In spite of a few half hearted attempts to make changes, the wetness of wet systems is water. Partly with car practice in mind it is possible in a closed circulation system to introduce an antifreeze solution. Another additive is aimed at reducing internal corrosion, and this is vehemently defended by its suppliers and supporters but by no means universally accepted.

The operation of a wet system is entirely dependent upon circulation. Water is heated in the boiler, is piped to the heat emitters and returns, partly cooled, to be reheated. In earlier days, and to a very limited extent nowadays, heating circuits operated by gravity. A warmed column of water is lighter than a cold column, and so the one rises and the other falls. A system based upon this natural movement has to have a substantial vertical component. The rise and the fall must be fully established in order that any sideways movement, into radiators etc., can take place with continuing circulation and so with renewal of heat introduction.

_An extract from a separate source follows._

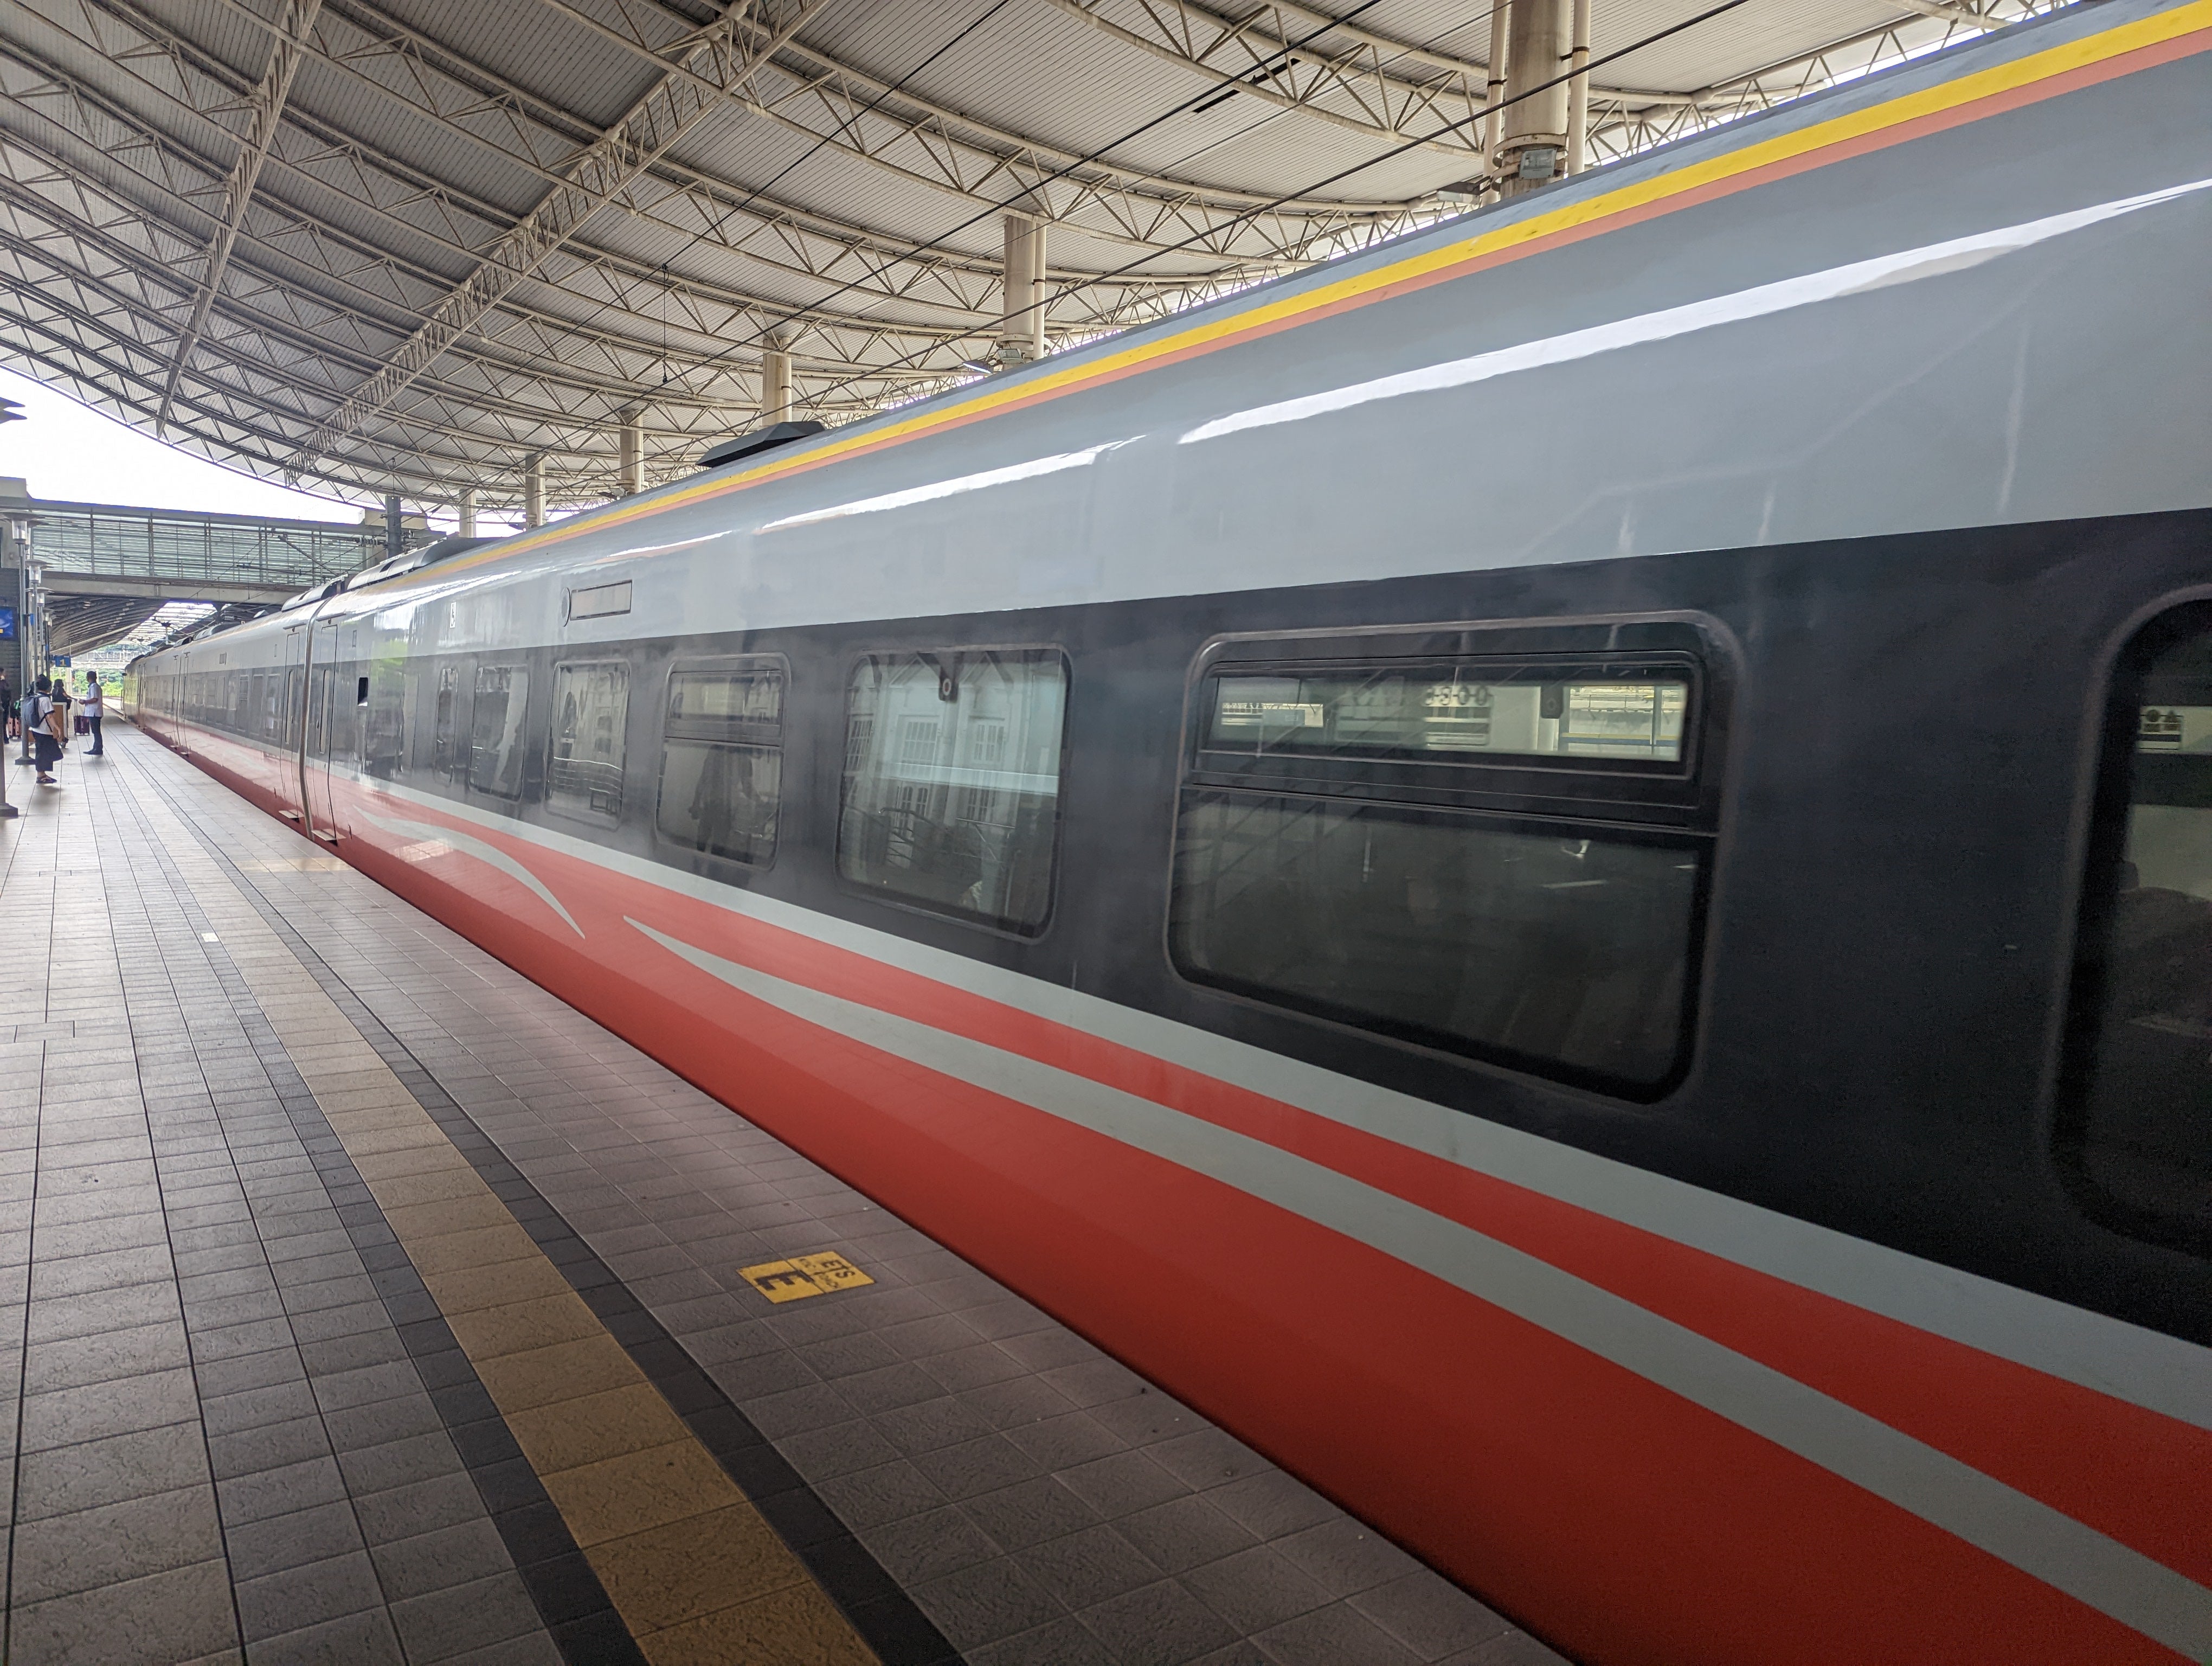 One of Malaysia’s KTM trains

The principle of gravity circulation is still the one most used on the domestic hot water side of combined systems. The pipes, known as the primaries, flow to and return from the cylinder, which must be at a higher vertical level than the boiler.

But heating circuits cannot rely upon finding a high vertical to horizontal ratio, except perhaps in a lighthouse. Most gravity inspired heating circuits were either sluggish or failed to circulate. Those that worked were characterised by a wide difference between flow and return temperatures so that radiators became progressively cooler along the line. The gravity circuit has passed, therefore, without regret. Its successor is the pump assisted, or pumped, circuit, which began seriously with what became known very quickly as Small Bore. Small bore employs pipes mainly in the range 15 or 22 mm, occasionally 28 mm. Gravity systems could never fall below 1 inch pipe.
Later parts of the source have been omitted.